List<Object> list = visitor.getContactIdList() == null
? new ArrayList<Object>() : new ArrayList<Object>(visitor.getContactIdList());
if (role == CIRCLE) {
list.add(visitorId);
}
//key!{}:[] 或 其它没有明确id的条件 等 可以和key{}:list组合。类型错误就报错
requestId = (Number) config.getWhere(visitorIdkey, true);//JSON里数值不能保证是Long,可能是Integer
@SuppressWarnings("unchecked")
Collection<Object> requestIdArray = (Collection<Object>) config.getWhere(visitorIdkey + "{}", true);//不能是 &{}, |{} 不要传,直接{}
if (requestId != null) {
if (requestIdArray == null) {
requestIdArray = new JSONArray();
}
requestIdArray.add(requestId);
}
if (requestIdArray == null) {//可能是@得到 || requestIdArray.isEmpty()) {//请求未声明key:id或key{}:[...]条件,自动补全
config.putWhere(visitorIdkey+"{}", JSON.parseArray(list), true); //key{}:[]有效,SQLConfig里throw NotExistException
}
else {//请求已声明key:id或key{}:[]条件,直接验证
for (Object id : requestIdArray) {
if (id == null) {
continue;
}
if (id instanceof Number == false) {//不能准确地判断Long,可能是Integer
throw new UnsupportedDataTypeException(table + ".id类型错误,id类型必须是Long!");
}
if (list.contains(Long.valueOf("" + id)) == false) {//Integer等转为Long才能正确判断。强转崩溃
throw new IllegalAccessException(visitorIdkey + " = " + id + " 的 " + table
+ " 不允许 " + role + " 用户的 " + method.name() + " 请求!");
}
}
}
break;
case OWNER:
if (config.getMethod() == RequestMethod.POST) {
List<String> c = config.getColumn();
List<List<Object>> ovs = config.getValues();
if ( (c == null || c.isEmpty()) || (ovs == null || ovs.isEmpty()) ) {
throw new IllegalArgumentException("POST 请求必须在Table内设置要保存的 key:value !");
}
int index = c.indexOf(visitorIdkey);
if (index >= 0) {
Object oid;
for (List<Object> ovl : ovs) {
oid = ovl == null || index >= ovl.size() ? null : ovl.get(index);
if (oid == null || StringUtil.getString(oid).equals("" + visitorId) == false) {
throw new IllegalAccessException(visitorIdkey + " = " + oid + " 的 " + table
+ " 不允许 " + role + " 用户的 " + method.name() + " 请求!");
}
}
}
else {
List<String> nc = new ArrayList<>(c);
nc.add(visitorIdkey);
config.setColumn(nc);
List<List<Object>> nvs = new ArrayList<>();
List<Object> nvl;
for (List<Object> ovl : ovs) {
nvl = ovl == null || ovl.isEmpty() ? new ArrayList<>() : new ArrayList<>(ovl);
nvl.add(visitorId);
nvs.add(nvl);
}
config.setValues(nvs);
}
}
else {
requestId = config.getWhere(visitorIdkey, true);//JSON里数值不能保证是Long,可能是Integer
if (requestId != null && StringUtil.getString(requestId).equals(StringUtil.getString(visitorId)) == false) {
throw new IllegalAccessException(visitorIdkey + " = " + requestId + " 的 " + table
+ " 不允许 " + role + " 用户的 " + method.name() + " 请求!");
}
config.putWhere(visitorIdkey, visitorId, true);
}
break;
case ADMIN://这里不好做,在特定接口内部判。 可以是 /get/admin + 固定秘钥 Parser#needVerify,之后全局跳过验证
verifyAdmin();
break;
default://unknown,verifyRole通过就行
break;
}
Take OWNER as an example.

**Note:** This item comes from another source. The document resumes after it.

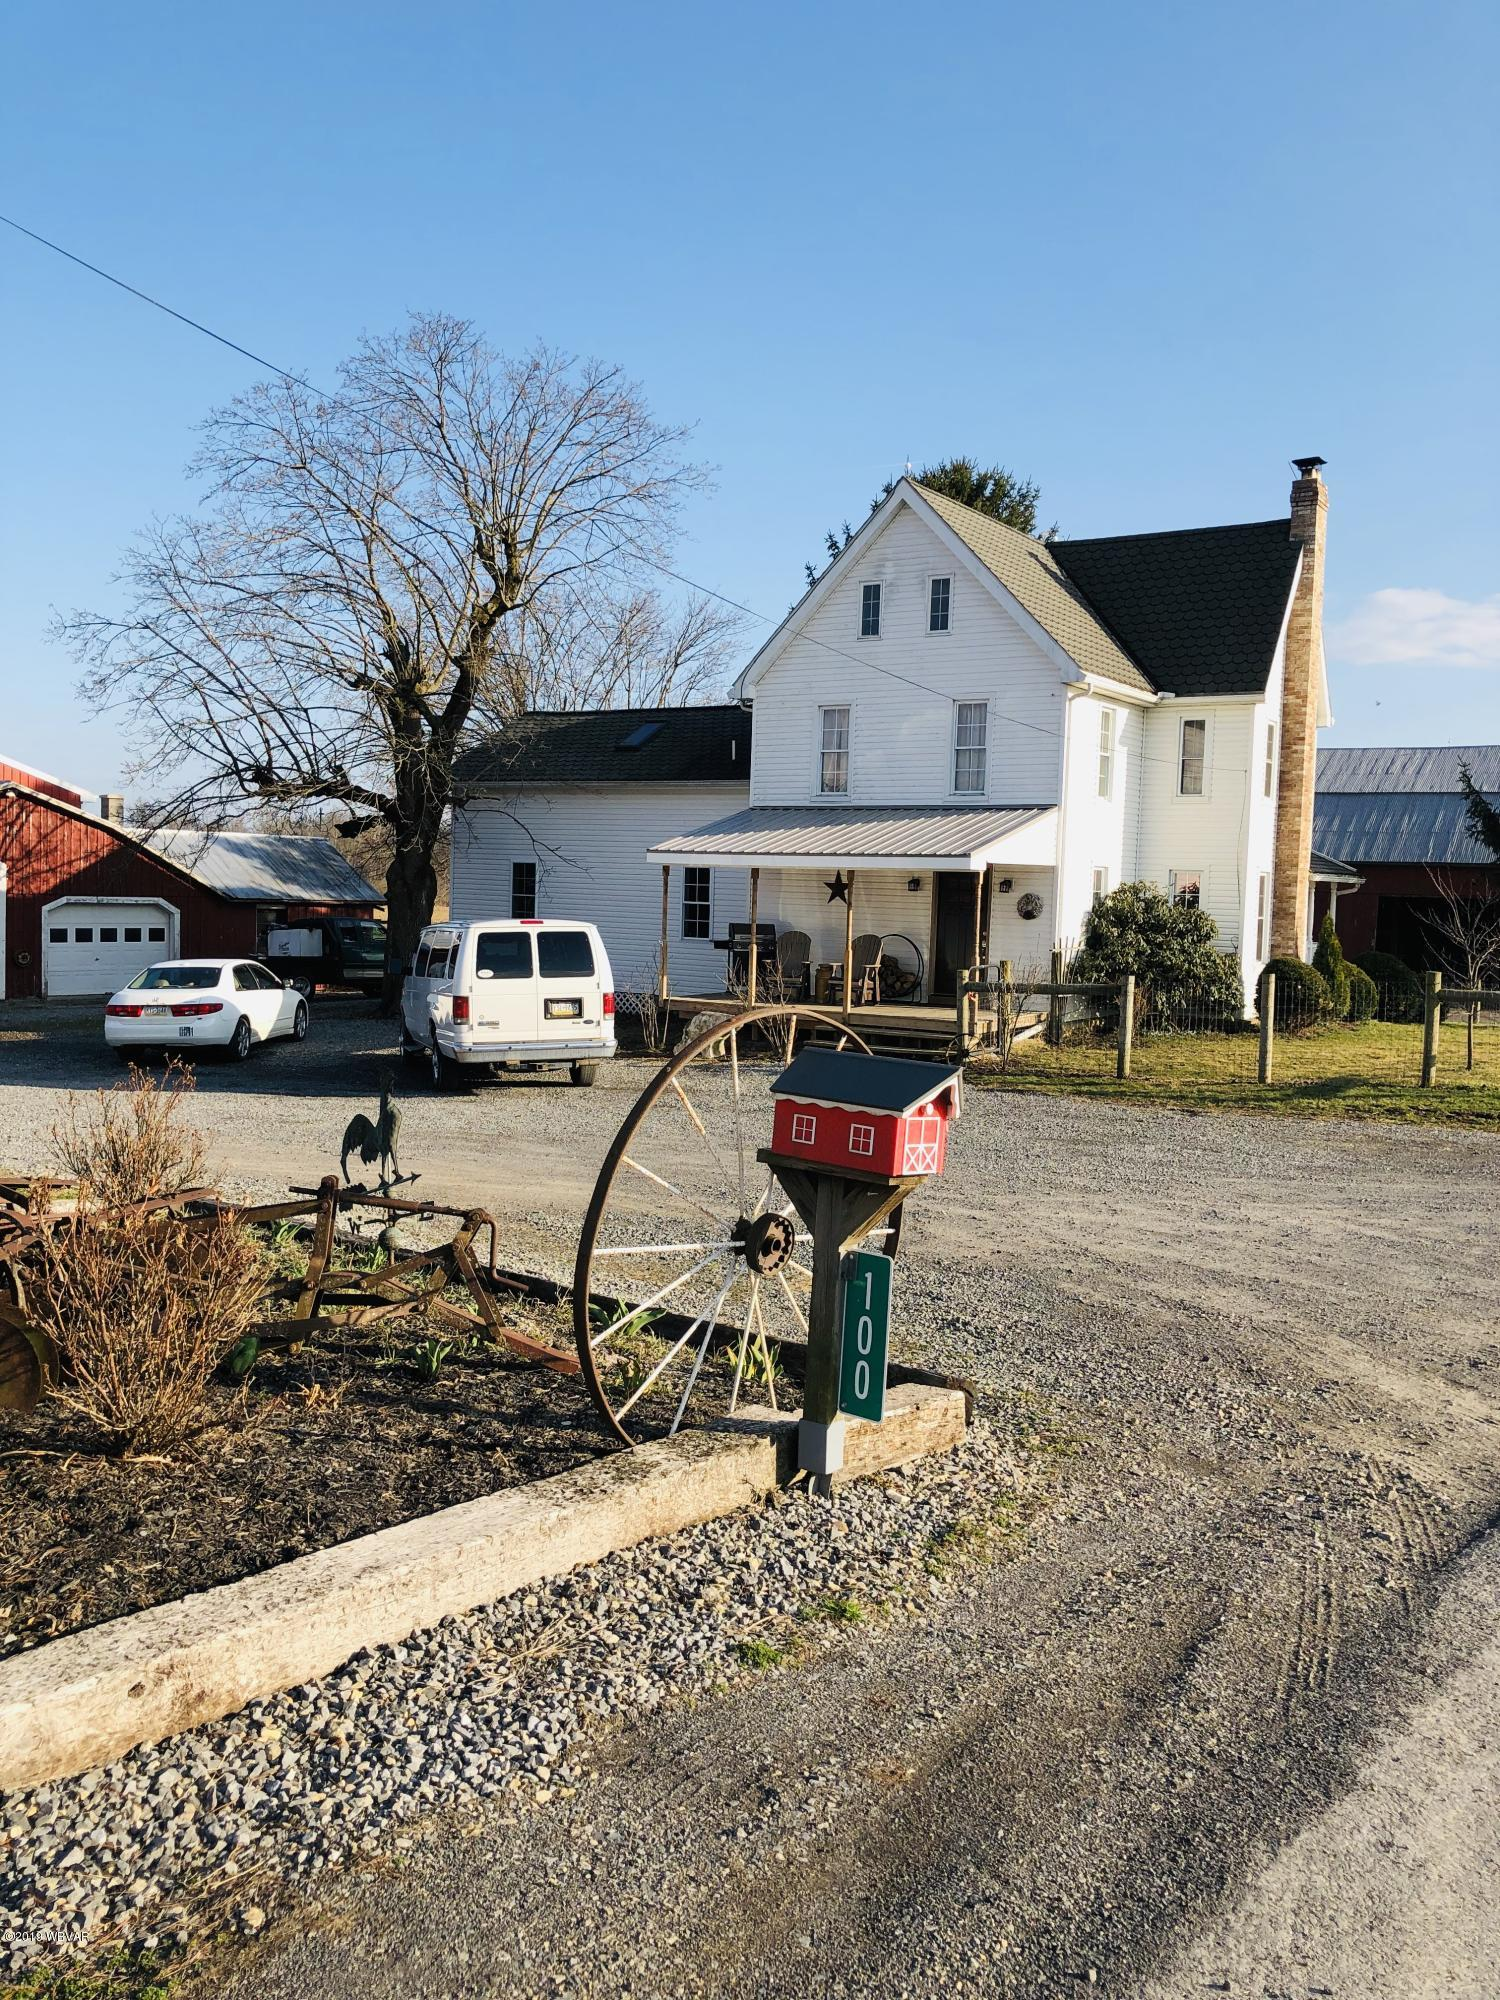 100 MILL ROAD,Turbotville,PA 17772,4 Bedrooms Bedrooms,2 BathroomsBathrooms,Farm,MILL,WB-87016

First, it will judge whether the Method is RequestMethod.POST, and then it will judge whether the column and value are empty. If it is empty, an error will be thrown.
After that, the indexOf method will be used to search for the visitorIdkey. If found, the visitorIdkey will be compared with the visitorId. If they do not match, a prompt that the request is not allowed will be thrown.
If not found, visitorIdkey and visitorId will be added to the corresponding List. Finally added into SQLconfig.
If it is another method, the visitorIdkey will be obtained through getWhere, and it will be compared with the visitorId. If it is inconsistent, a prompt that the request is not allowed will be thrown.